For the second semester in a row, DVC instructors have been told to cut sections for the upcoming spring schedule, despite overflowing classes and district Chancellor Helen Benjamin’s admission that the district’s formula for allocating money to the college is “seriously flawed.”
At the center of the controversy is the “C” contract formula, which is used to allocate money to the college for part-time faculty, said Jeffrey Michaels, president of the teachers’ union, United Faculty.
Michaels said the formula does not provide money to adequately fund the college, which leads to DVC exceeding its budget for part-time faculty.
In the past, the district chose not to actively enforce the budget cap, but began to do so this year. DVC is currently $2 million over budget.
“If you have to tighten your budget, the easiest – and when I say ‘easiest’ I mean ‘if you’re lazy’ – way to manipulate the money is to adjust the student-teacher ratio, raise class sizes or offer fewer classes,” Michaels said.
This policy has proven very unpopular with DVC faculty.
“We’ve got what some of us have labeled as a ‘formula for failure,'” said music instructor Glenn Appell. “Right now we have something like 92 percent enrollment, and if that’s not adequate to say we’re in good shape then … I don’t know what is.”
At a tumultuous Faculty Senate meeting Oct. 9, DVC instructors blasted the chancellor for coming unprepared to answer their questions about why the college was being forced to cut classes, despite overwhelming student demand, potential revenue loss and increased enrollment.
Benjamin returned to the Faculty Senate this week along with Roy Stutzman, the districts interim chief financial officer, who gave a brief presentation about the formula. Abruptly ending the meeting, Benjamin refused to answer questions promising a more in depth meeting in November.
At the earlier meeting, the chancellor responded to faculty complaints by saying, “My regret today … is that I didn’t know what you were going to ask me. And had I known that, I certainly would have been better prepared.”
Her statement did little to alleviate several faculty member’s growing apprehension that she is out of touch.
“I’m concerned to the point of being a little bit frightened that you only come and say, ‘Well, I wasn’t prepared to deal with this question or I wasn’t prepared to deal with that question’ because these are the issues we talk about every day,” math instructor Cheryl Wilcox told Benjamin.
In the meantime, students face an increasingly slimmer schedule.
“We are cutting the same number of classes in the spring schedule as we did for this past fall,” said Wilcox. That means a loss of 30 hours of classes a week, she said. This translates to an additional loss of six sections, as well as two hours a day of the math lab.
“Initially we were told, yes, we would have to cut again,” said biology instructor Catherine Machalinski. “However, we discovered huge mistakes in the numbers they had used for my department.
“Once we redid [them] … it turned out we didn’t need to cut – and actually didn’t need to [have] cut last semester, believe it or not.”
At the Oct. 7 meeting, instructors voiced their frustration over having to turn away large numbers of students and the potential revenue that they represented.
“Aren’t we here to offer classes to students?,” asked Machalinski. “…You gave up $15,000 for every single large lecture class you didn’t offer this semester, [money] we could have used to offer more classes next semester.”
Biology instructor Rick Gelinas likened it to a popular math game.
“What you’ve done with your formula is like coming to a Sudoku puzzle right at the beginning and just arbitrarily filling in one of the spaces,” he told Benjamin. “Nothing else is going to make sense”

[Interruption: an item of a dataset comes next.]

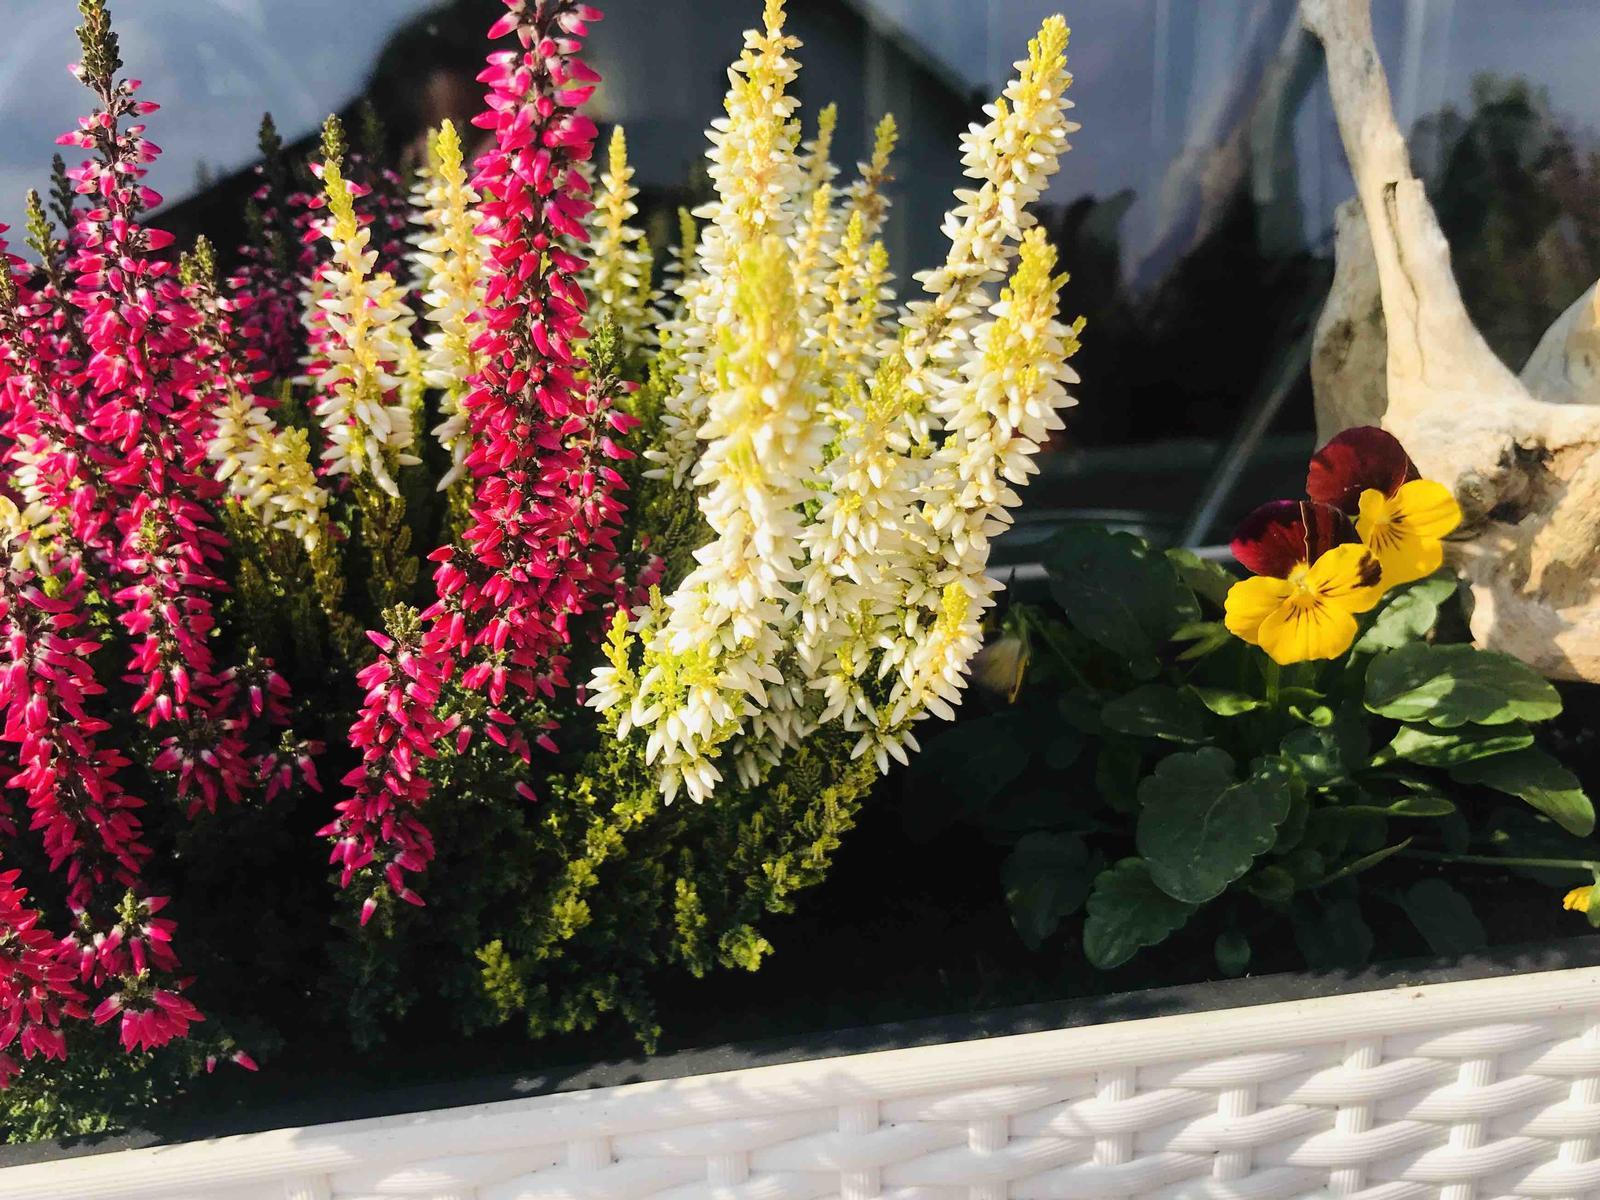 Naše barevná zahrada 🌸 - Obrázek č. 85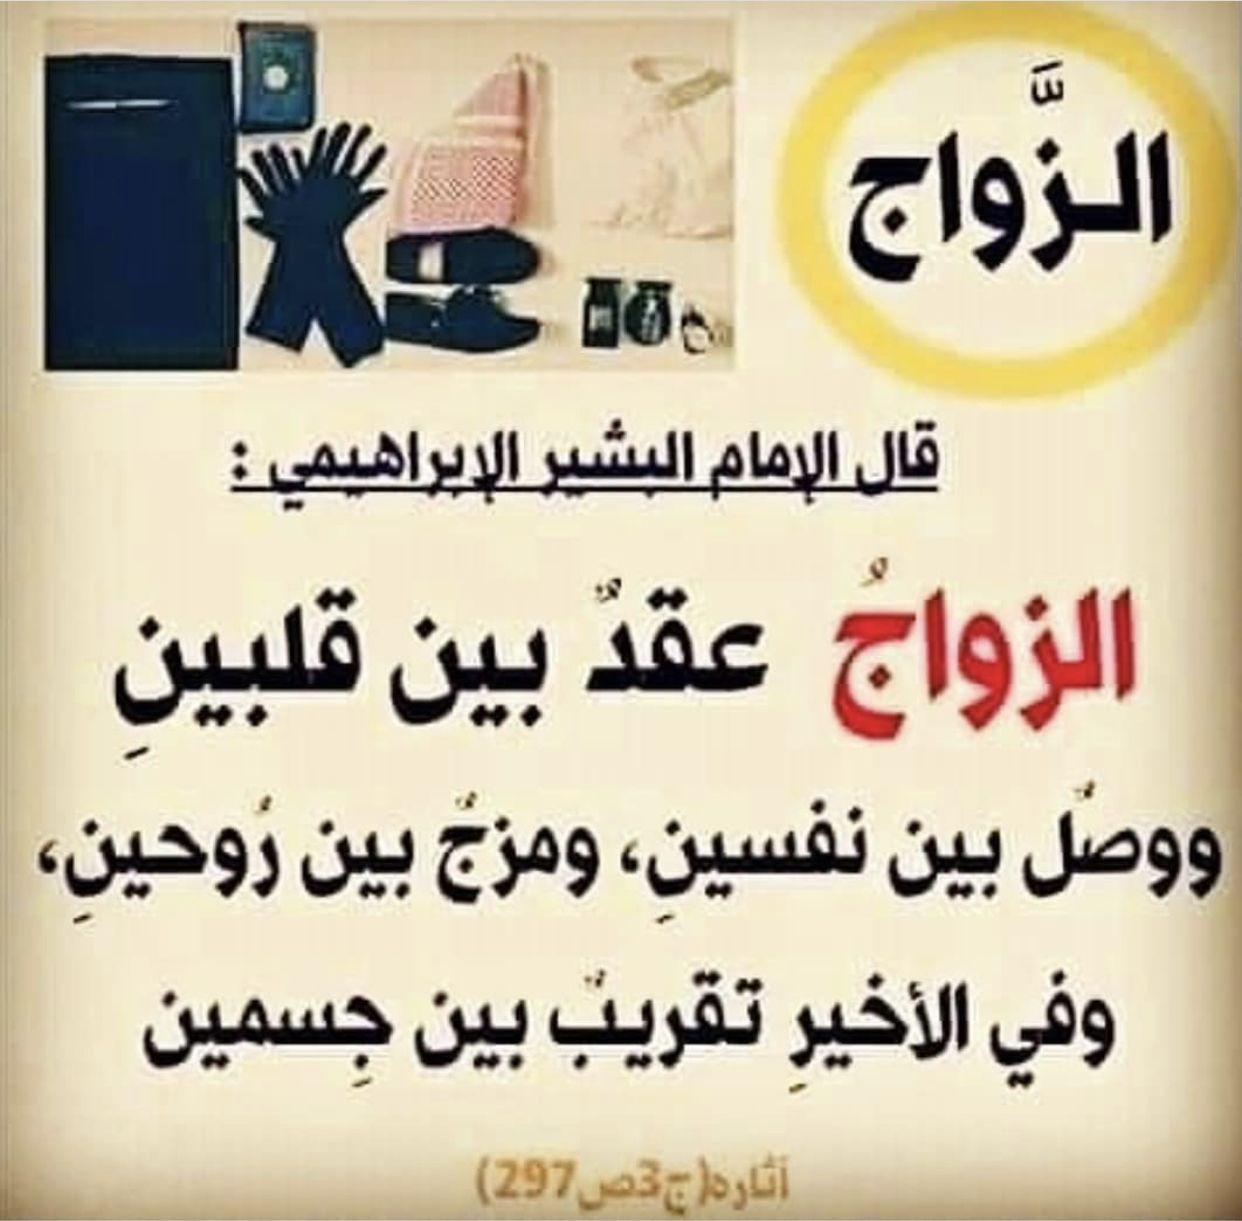 Pin By الأثر الجميل On أقوال الصحابة والعلماء Words Home Decor Decals Tech Company Logos

Benjamin admitted the formula has not been revised in 17 years. “We know that it is seriously flawed,” she told senate members. “Seventeen years, nobody looked at it.”
She said there are plans to “tweak” the formula to better reflect the realities of the college.
But in a later interview, Machalinski said “tweak” falls far short of what must be done.
“They need to come up with a completely new way to distribute money to the colleges,” she said, “because what they are doing is restricting growth and enrollment at all of the colleges.”
At the Oct. 7 meeting, Dr. Joe Krivicich of physical science and engineering asked whether faculty input would be solicited. Benjamin replied, “Not at this point. It’s just upper management.”
In an interview, Krivicich said he doesn’t have a problem with that, as long as constructive criticism from the faculty is taken and used to make changes.
“My concern is about the speed of this,” Krivicich said. “This should have been done a while back, years ago.”